2.5 The normal 279 equipment

The provision of stores and spare valves for the normal equipment was very bad and the situation became so serious that it became necessary to send an officer to Portsmouth to collect some essential articles personally.  Even then the ship sailed with a bare minimum of spare valves.  The wrong regulators were supplied with the generators and as a result they are running very hot owing to overloading.

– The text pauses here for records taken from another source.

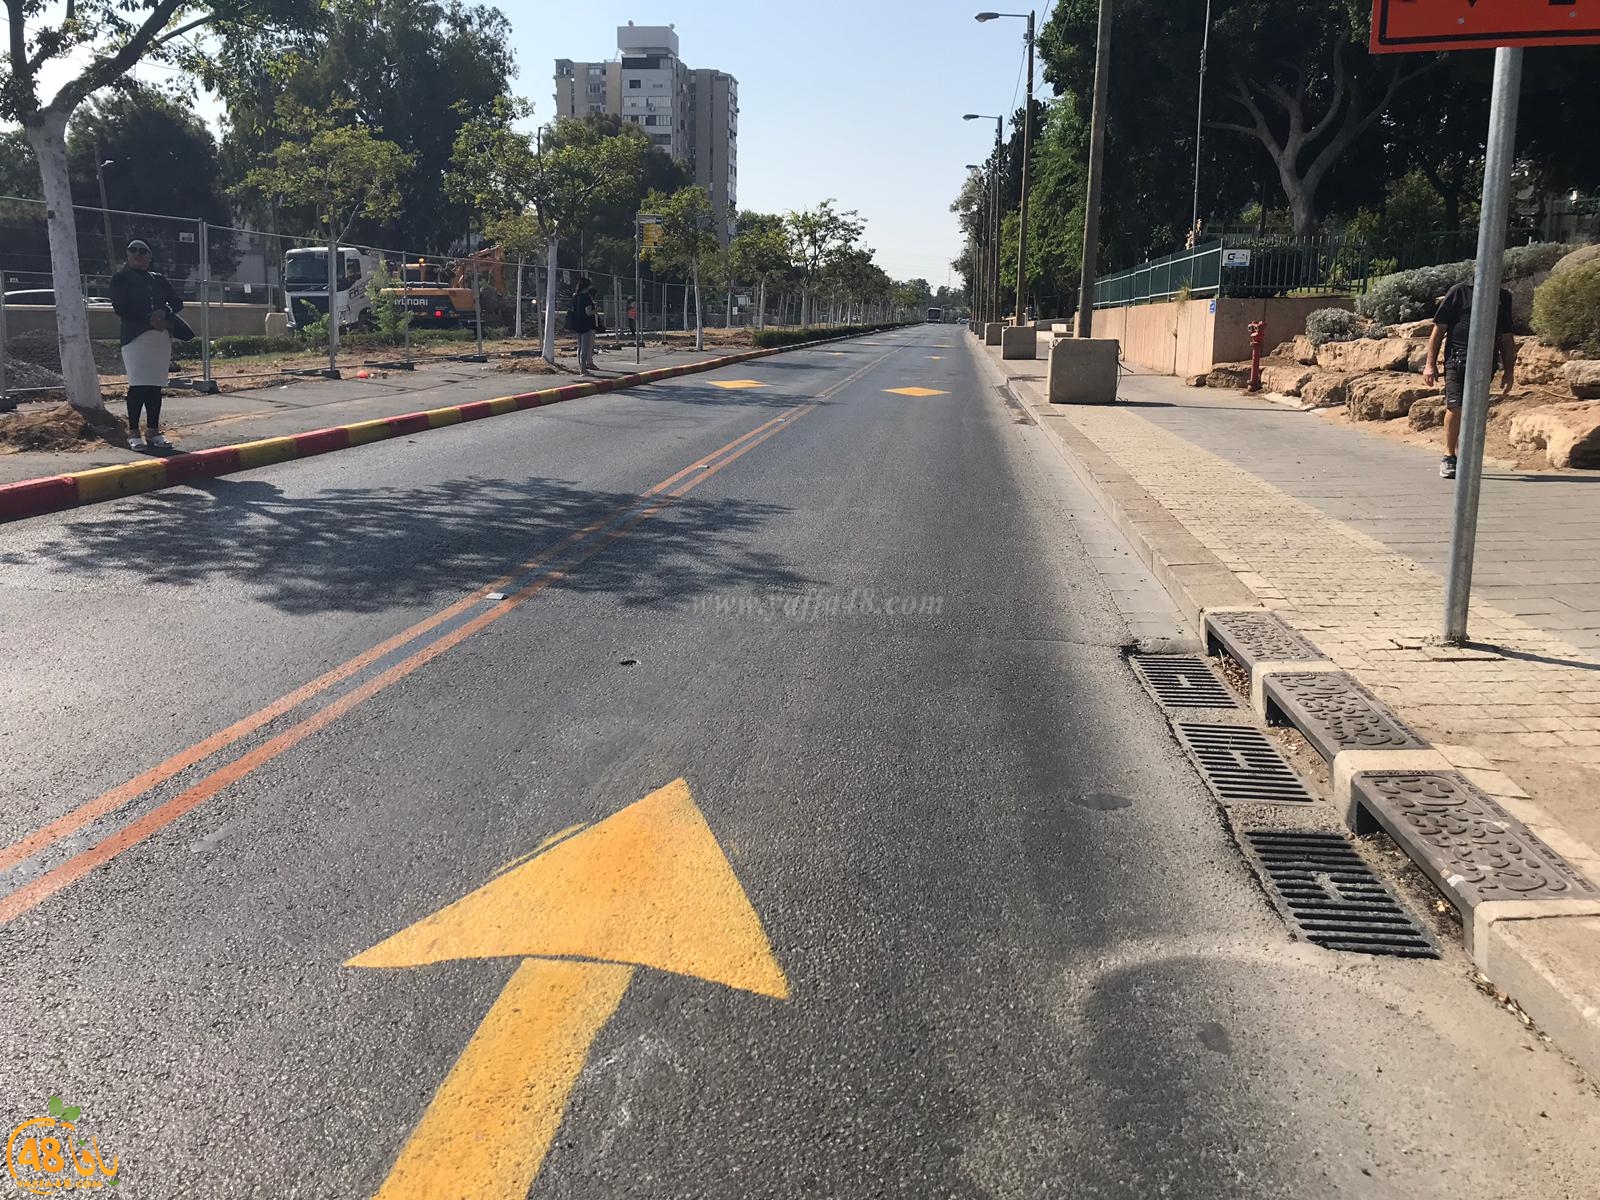 للأسبوع الثاني - اغلاق مقطع من شارع شديروت يروشلايم بيافا بسبب اعمال التطوير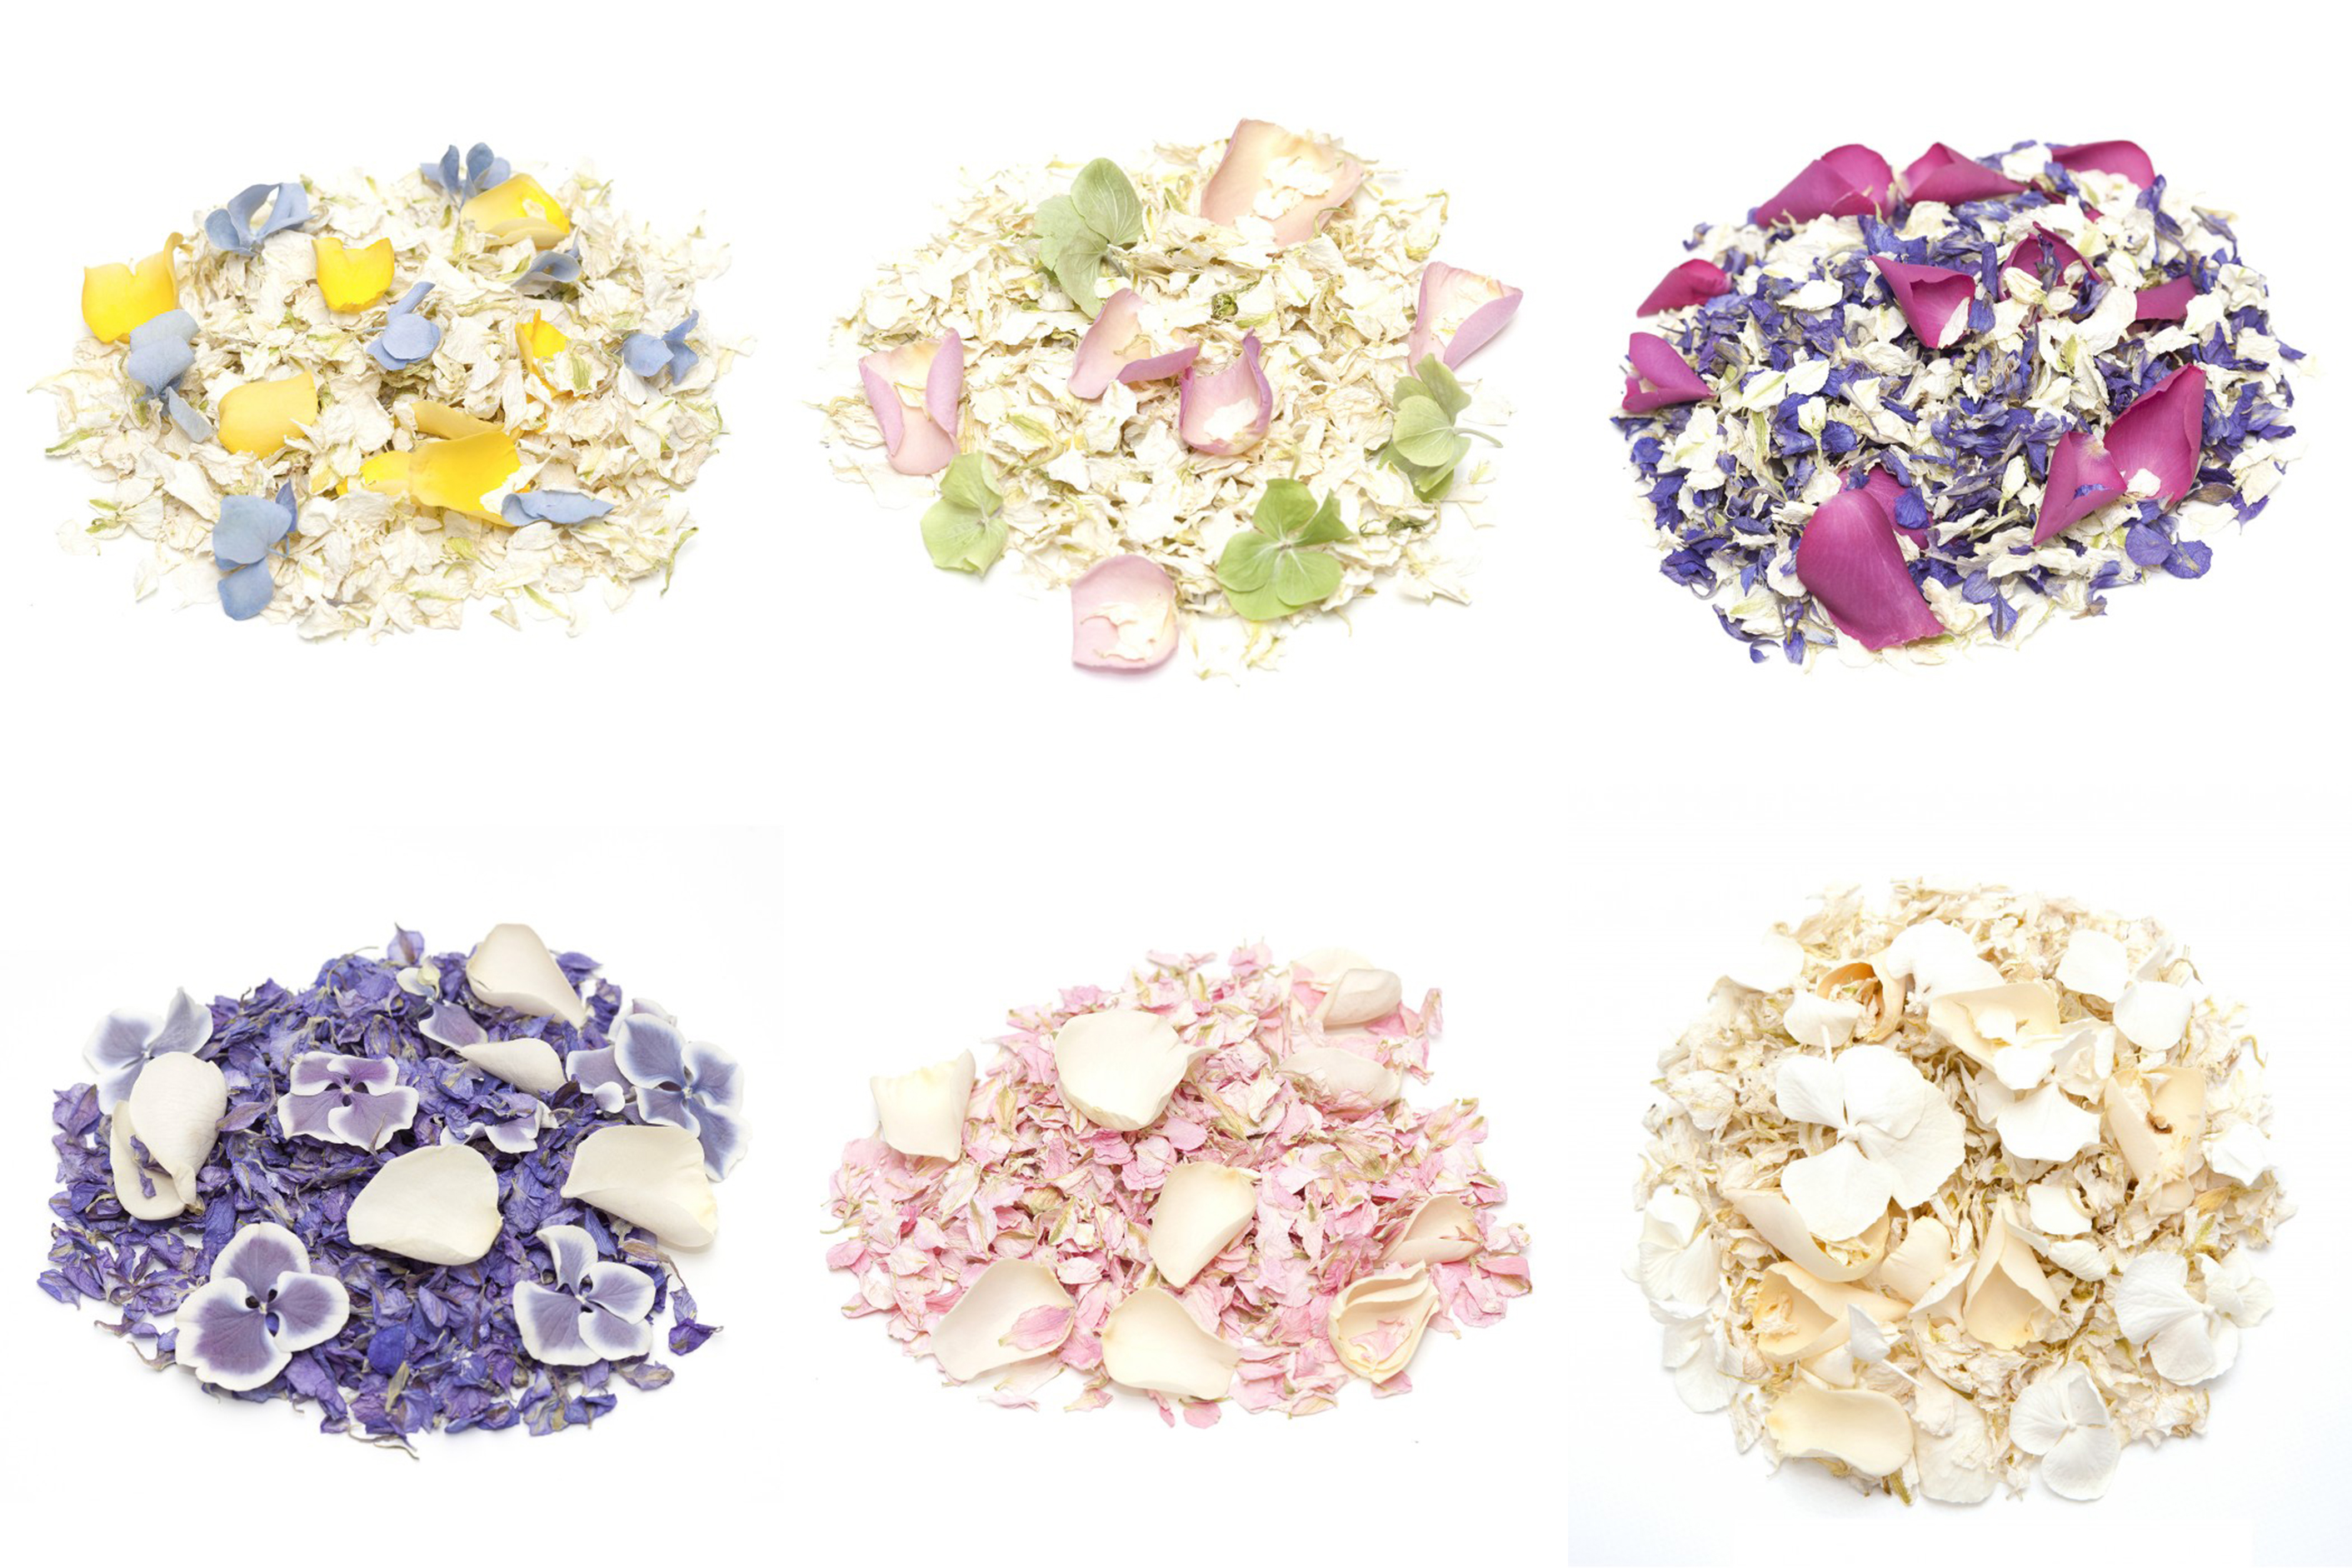 Biodegradable Dye Free Wedding Confetti Mixes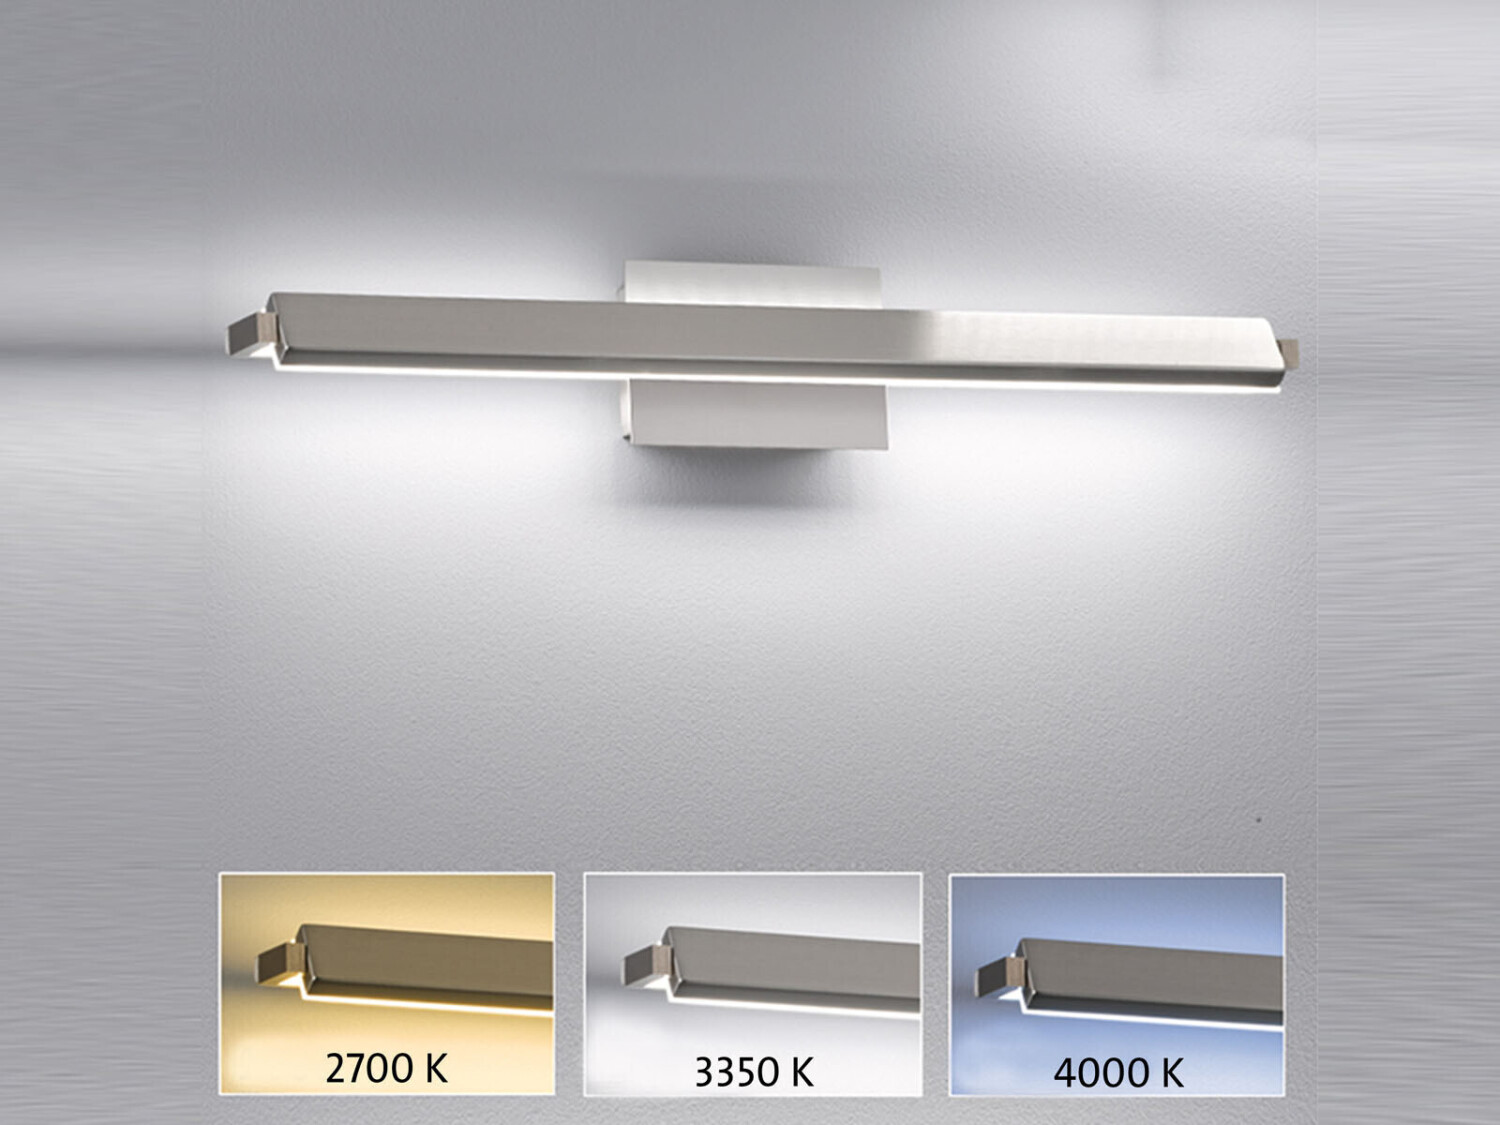 Fischer & Honsel LED Wandleuchten 2er Set Silber schwenkbar - dimmbar -  Farbwechsel Tunable White ab 328,99 € | Preisvergleich bei

The correct regulators were ordered five weeks ago but have not yet arrived.  The flexible coupling for the gyro did not arrive until three weeks after the ship left dock and had to be improvised.  The general wiring of the 279 equipment itself was done efficiently, but the gunnery communications and multiphone system was hopelessly muddled and had to be put right by the ship's staff.  The receiver office was well ventillated but the transmitter office was provided with an exhaust and no forced supply; as the transmitting office was below deck, the heat was at times unbearable and caused frequent sparking in the valves.  The ship's staff have now supplied a fairly adequate forced draught. 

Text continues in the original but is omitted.